> DATA SEGMENT:
= = = =

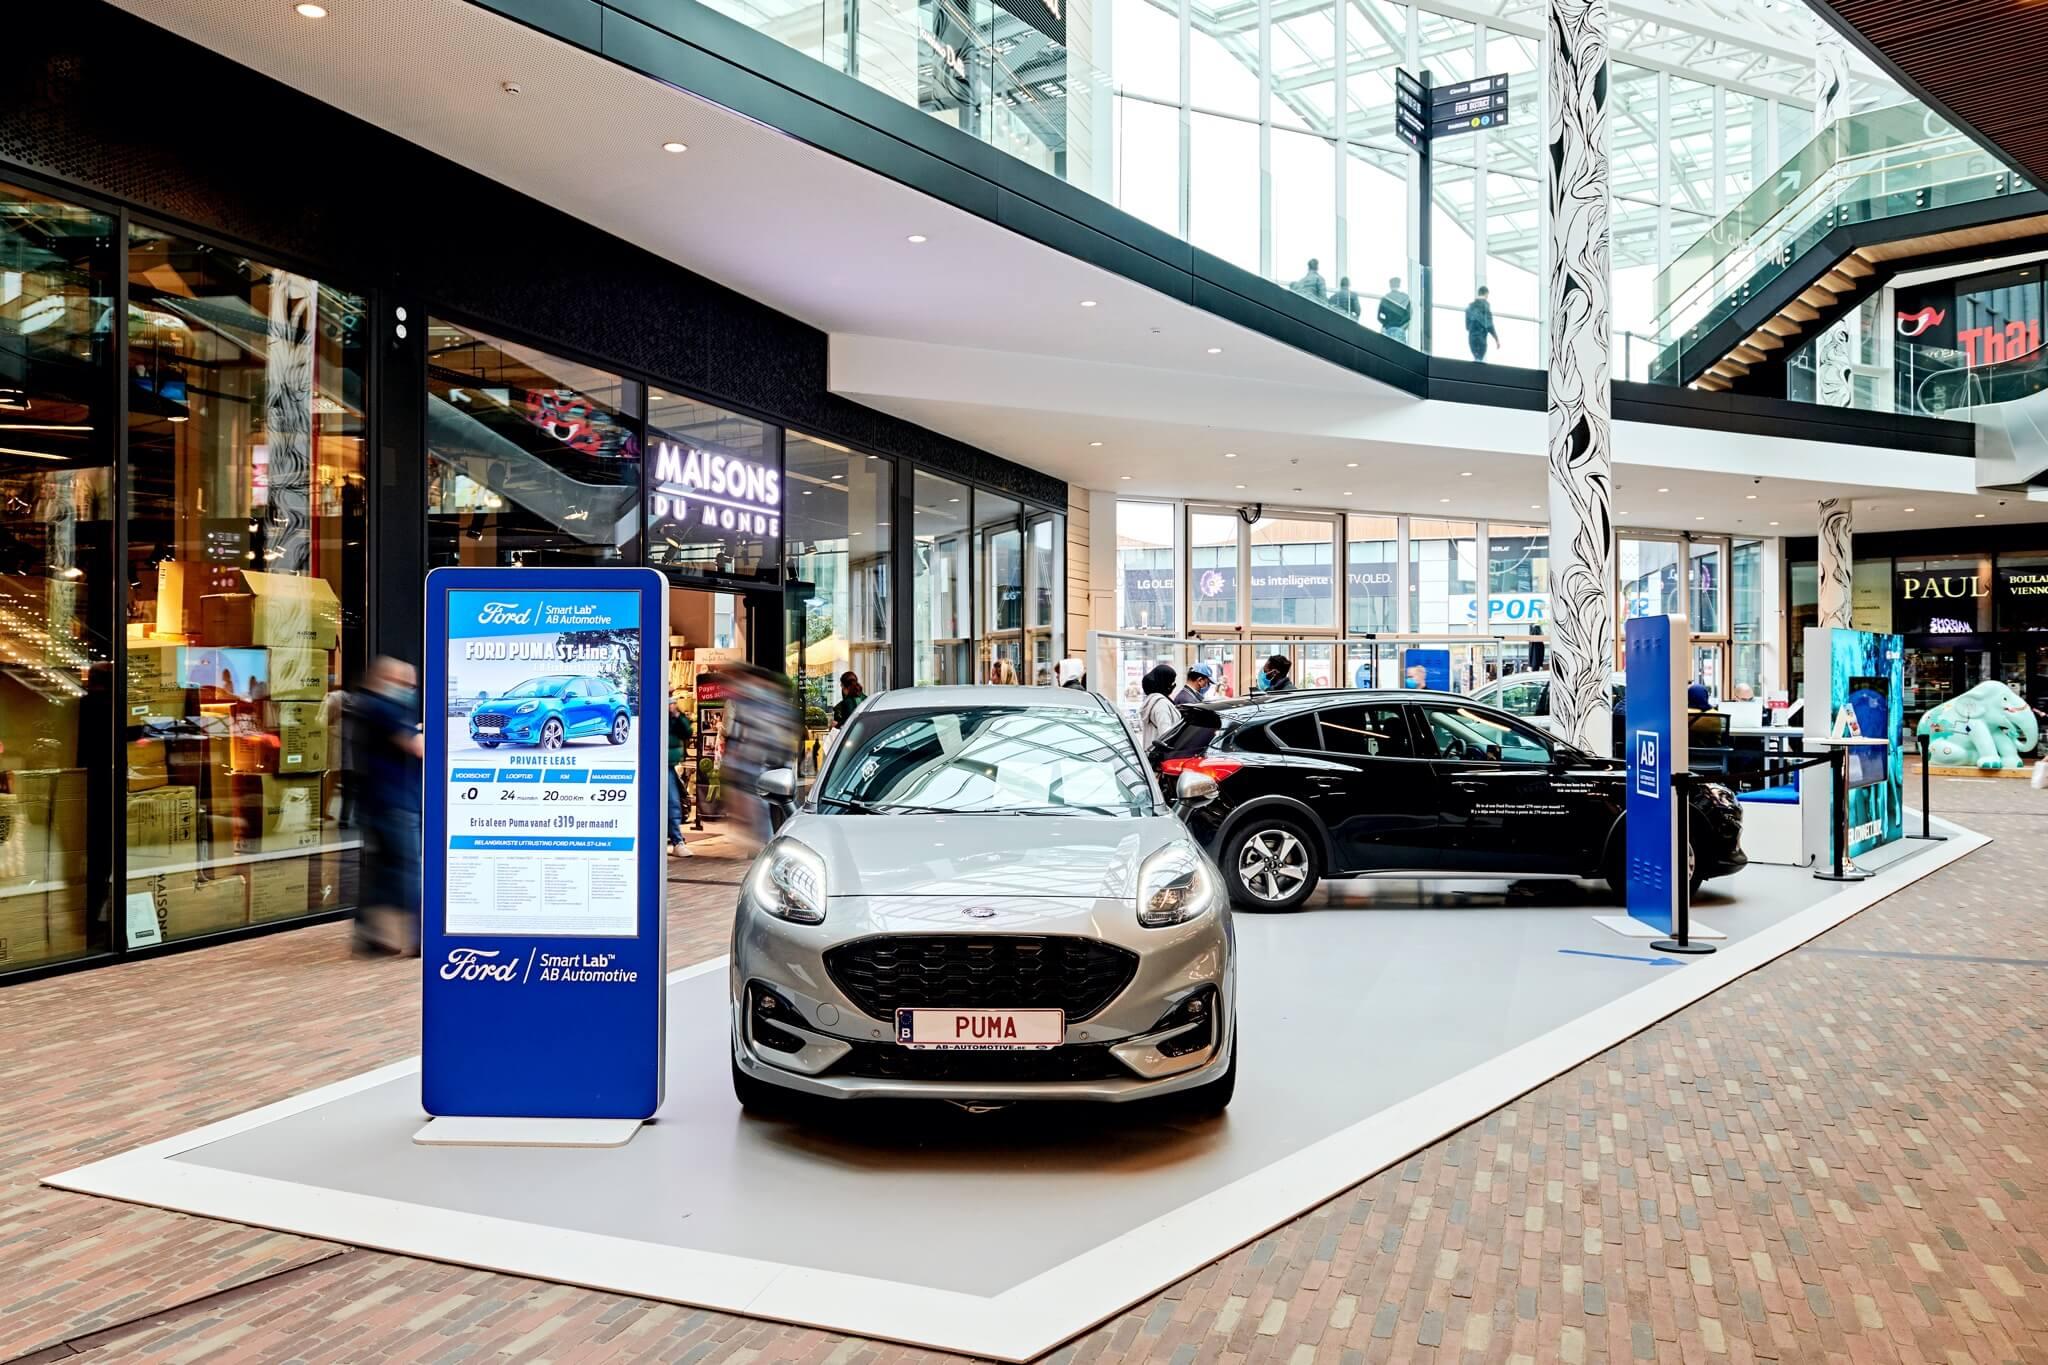 Ford | Docks Bruxsel | Shopping Center in Brussels
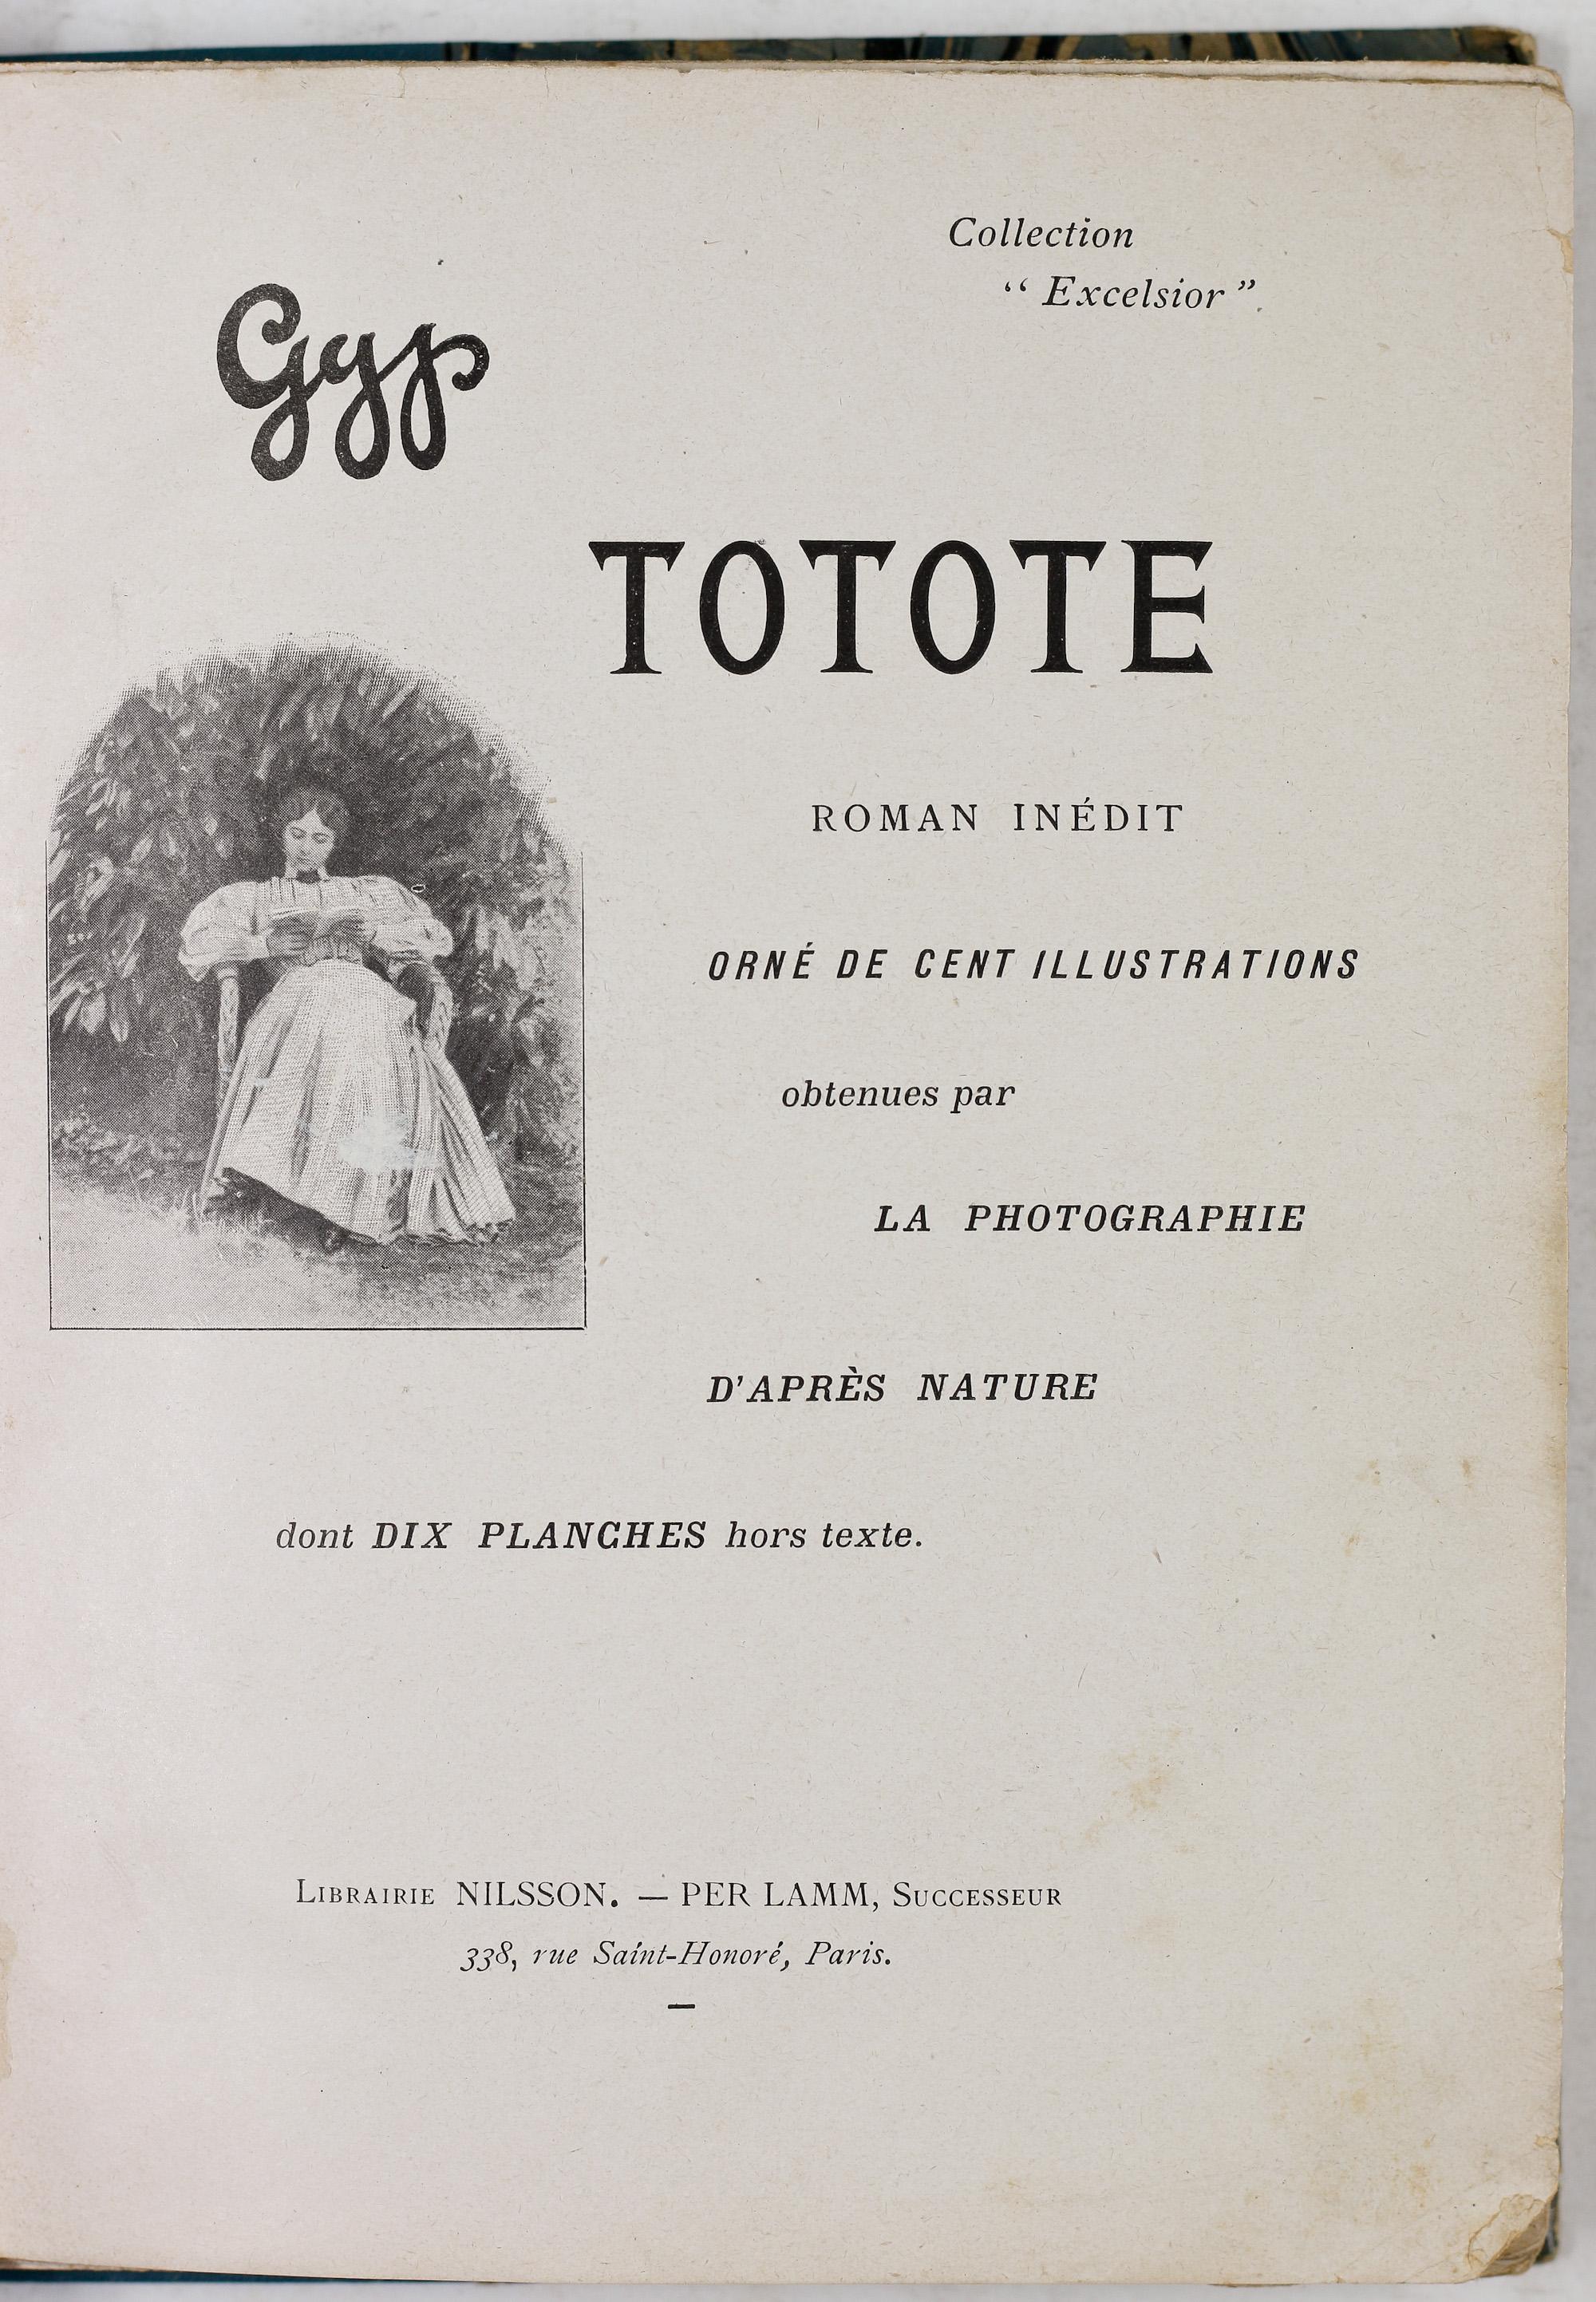 Totote, Gyp
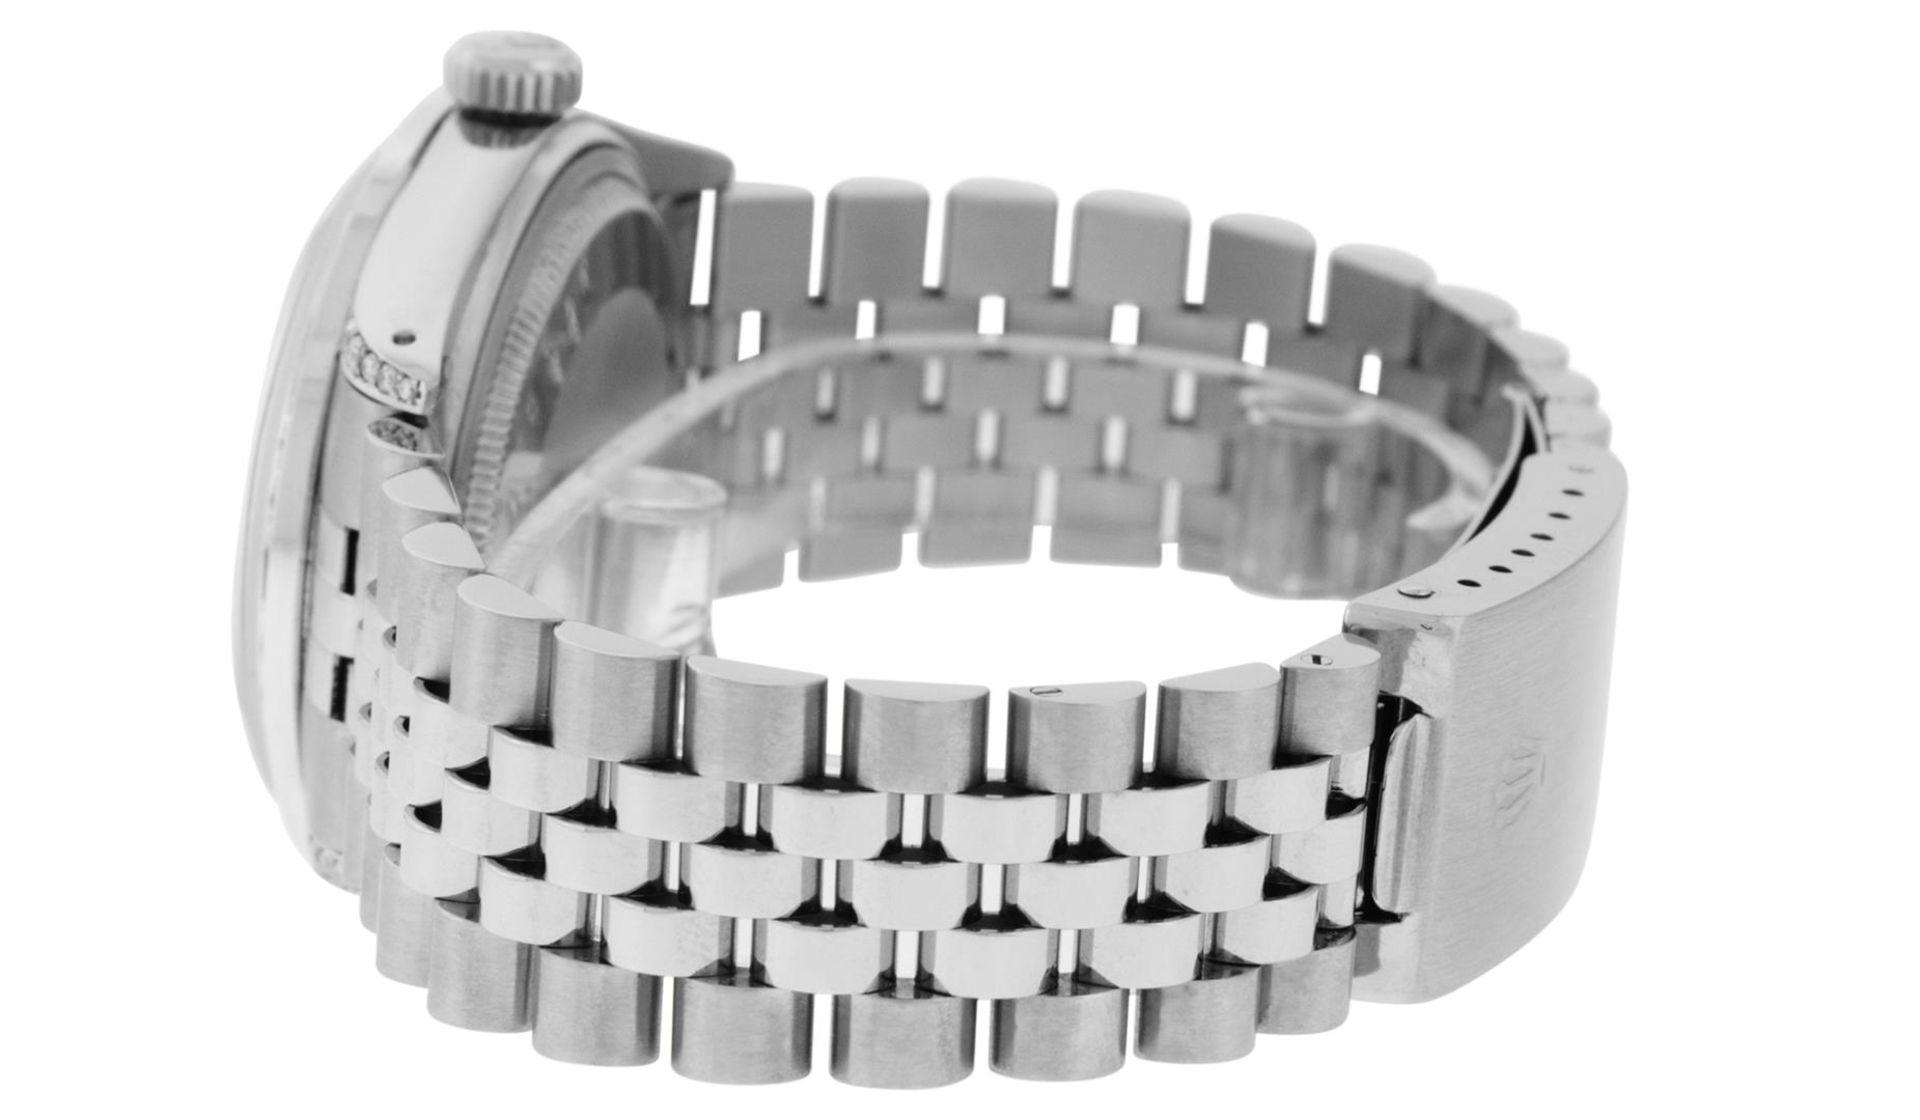 Rolex Mens Stainless Steel Black Diamond Lugs & Sapphire Datejust Wristwatch Oys - Image 4 of 9

= = = =

> WHAT THE EXERCISE ASKS:
Return the listing unchanged except for the pictures, which should be dropped.

> FINISHED TASK:
 Ford | Docks Bruxsel | Shopping Center in Brussels
 Totote, Gyp
 Rolex Mens Stainless Steel Black Diamond Lugs & Sapphire Datejust Wristwatch Oys - Image 4 of 9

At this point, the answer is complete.